Dear curious mind,
In a world where AI capabilities grow daily, so do concerns about data privacy. This issue shares how you can use the power of AI while keeping your sensitive information exactly where it belongs: under your control.
In this issue:
💡 Shared Insight
Running Open-Source LLMs Locally For Private AI Computing
📰 AI Update
DeepSeek-R1: The Open-Source Answer to OpenAI's o1
OpenAI Operator: The OpenAI Competitor to Anthropic's Computer Use Agent
ByteDance UI-TARS: The Open-Source Agent That Outperforms Anthropic's Computer Use
🌟 Media Recommendation
Podcast: Unlock o1's Full Potential with Strategies Shared in The Next Wave Podcast
💡 Shared Insight
Running Open-Source LLMs Locally For Private AI Computing
In today's AI-driven world, protecting sensitive data is important to me.
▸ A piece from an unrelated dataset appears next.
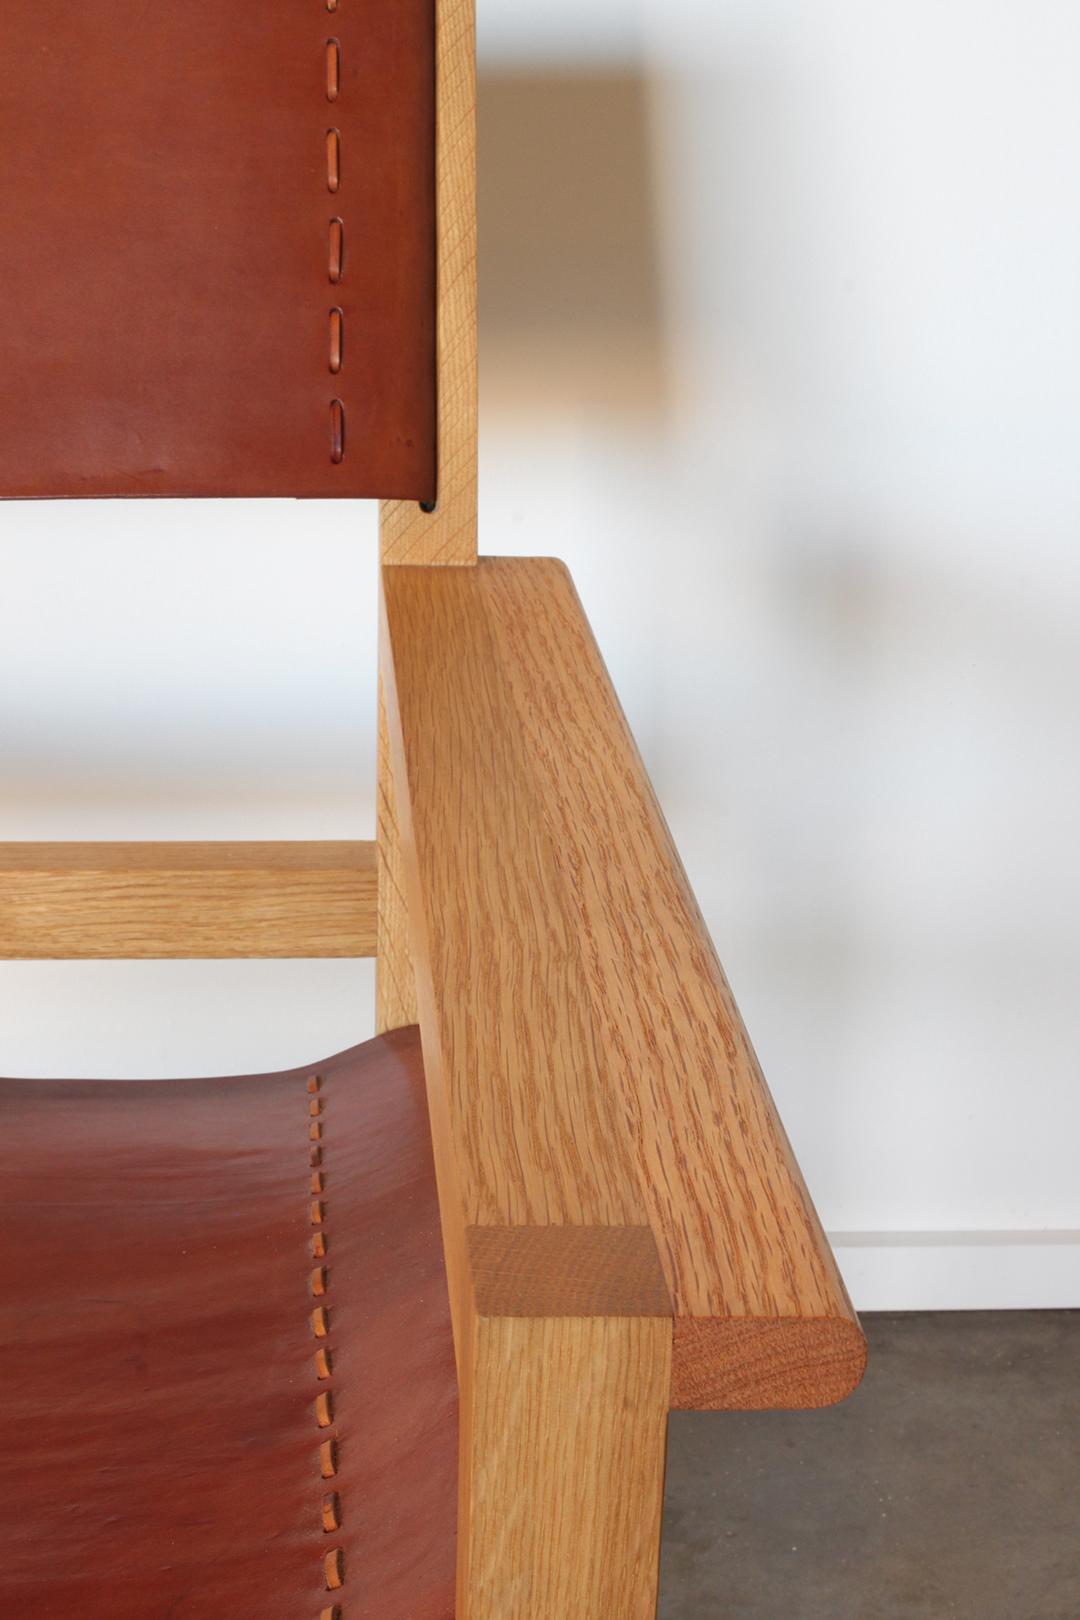 oak_lounge_chair5.jpg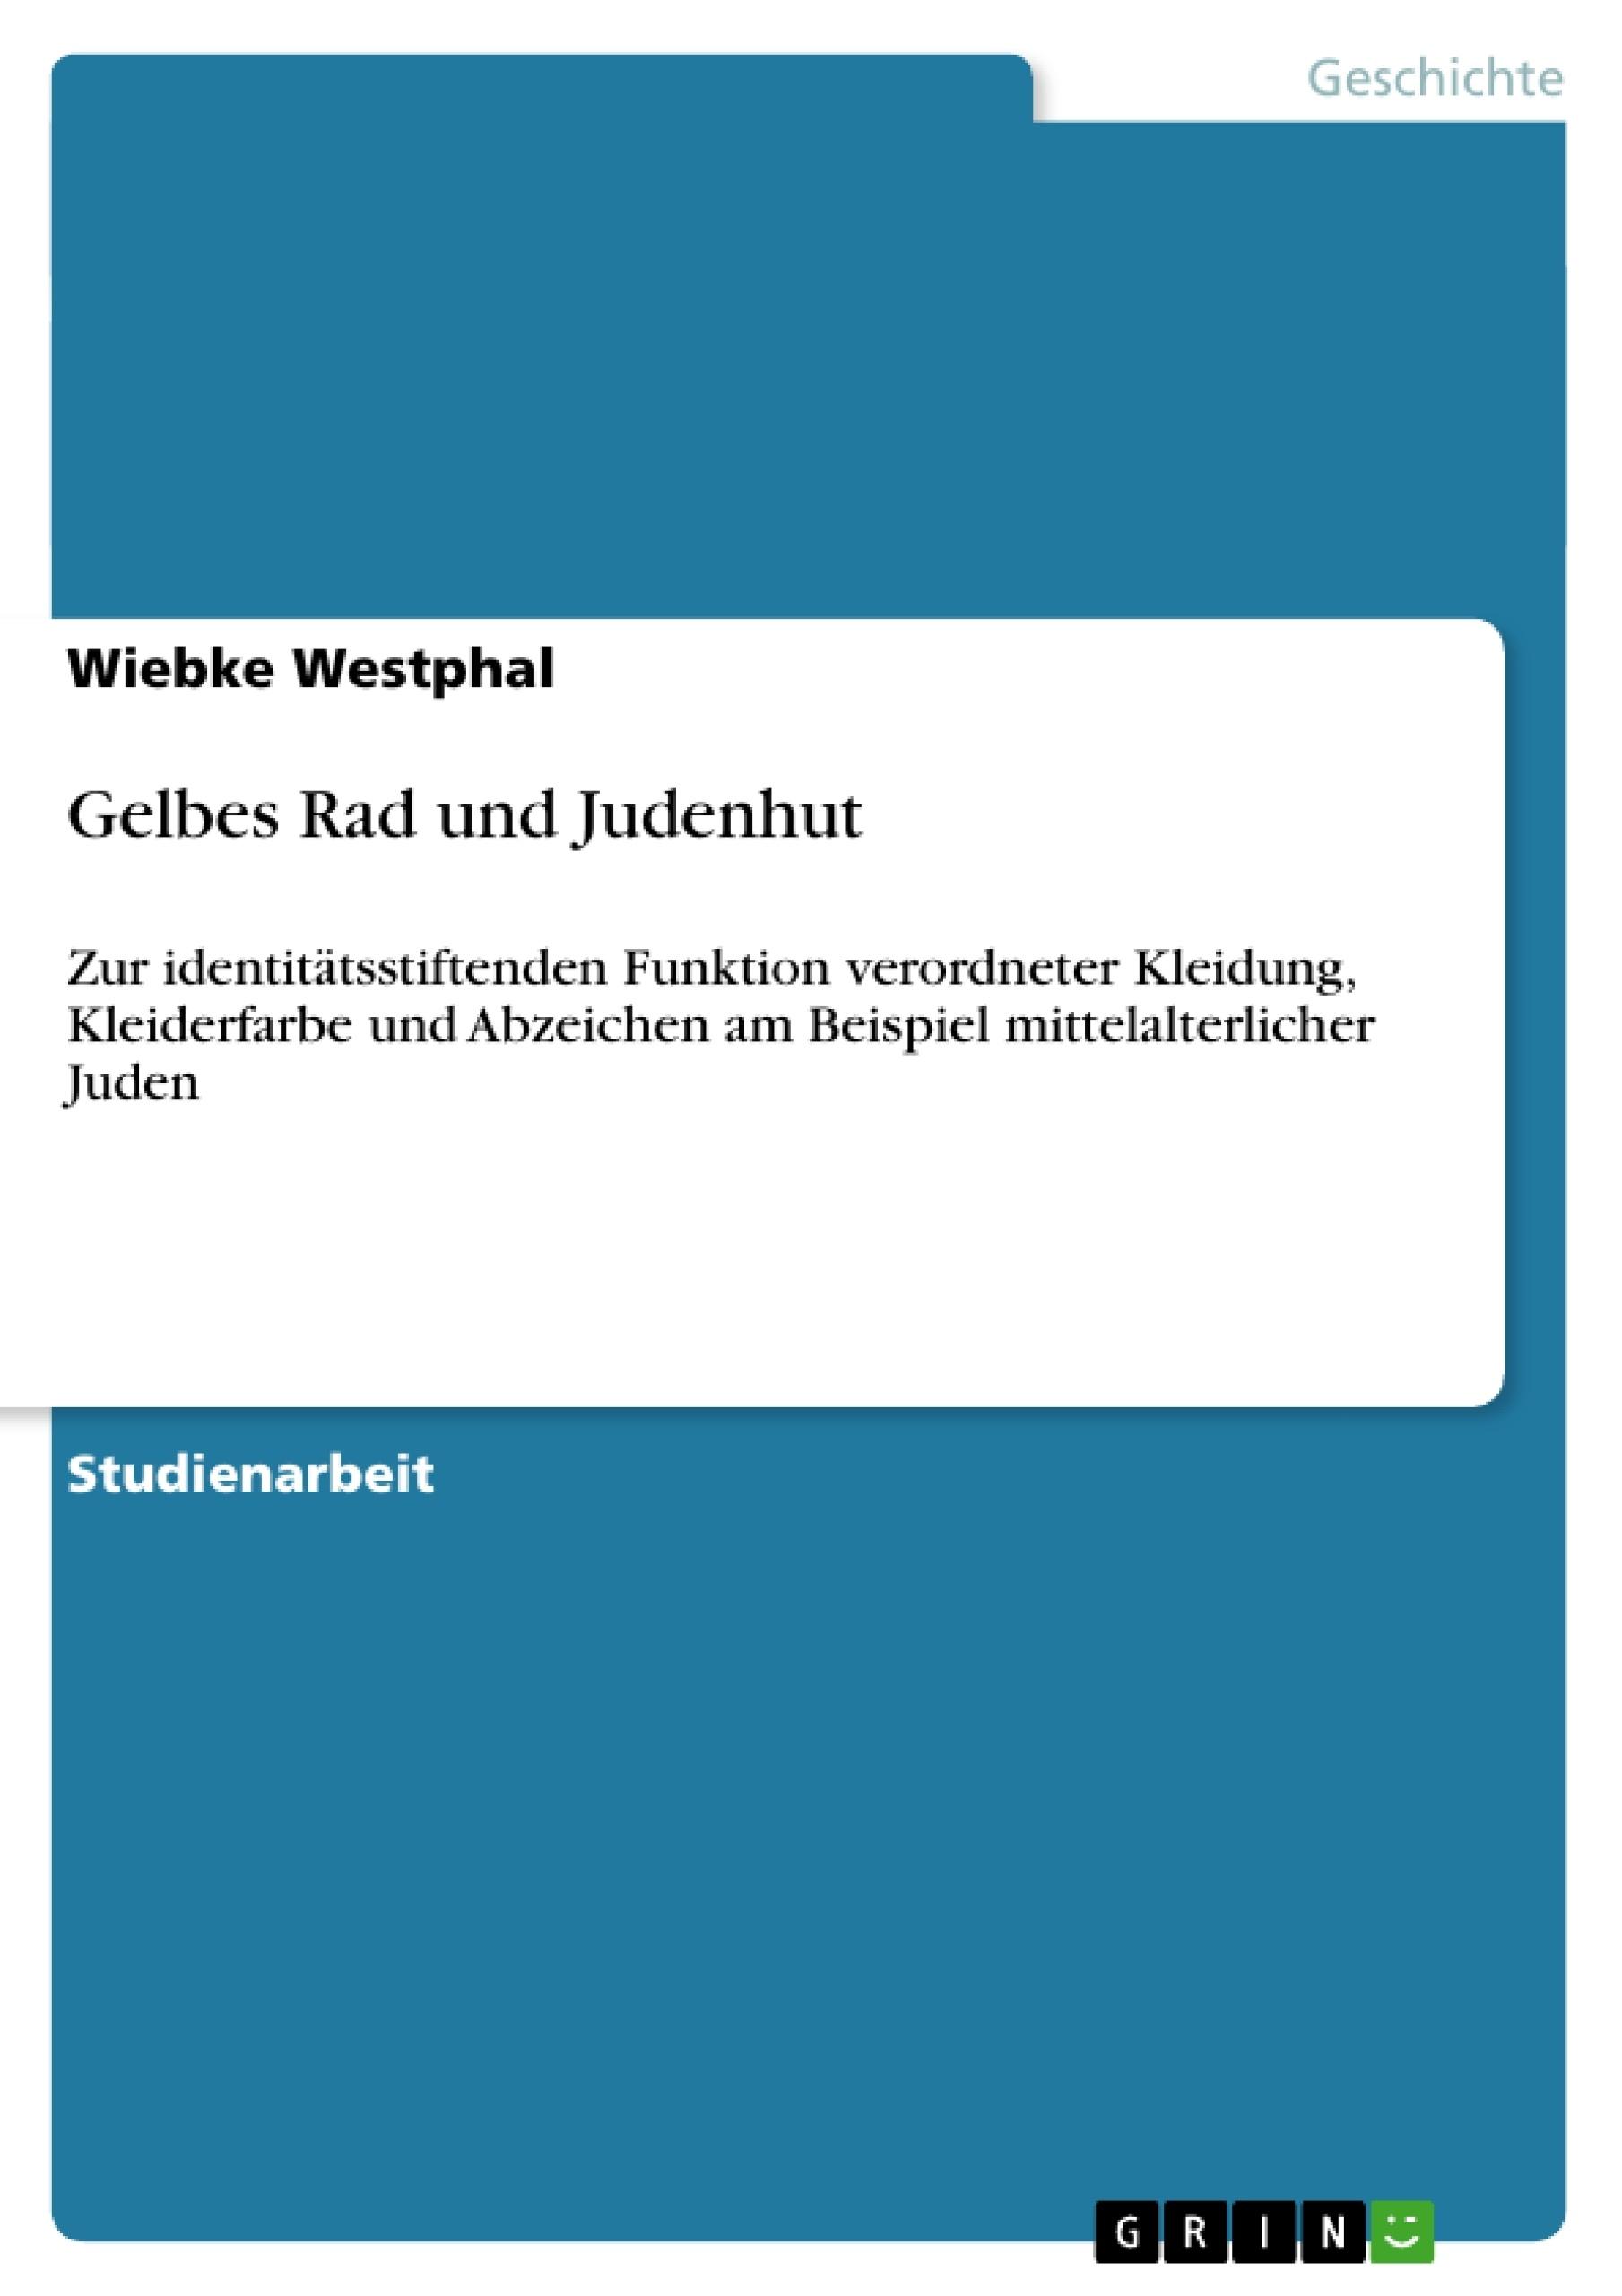 GRIN   Gelbes Rad und Judenhut

While cloud-based LLMs offer impressive capabilities, they require sending your data to external servers. Even with strong privacy policies, there's always a risk when sharing sensitive information – whether it's medical records, financial data, personal communications, or confidential business information.
Running LLMs locally is the most privacy-friendly solution. When your data never leaves your device, you maintain complete control over your information.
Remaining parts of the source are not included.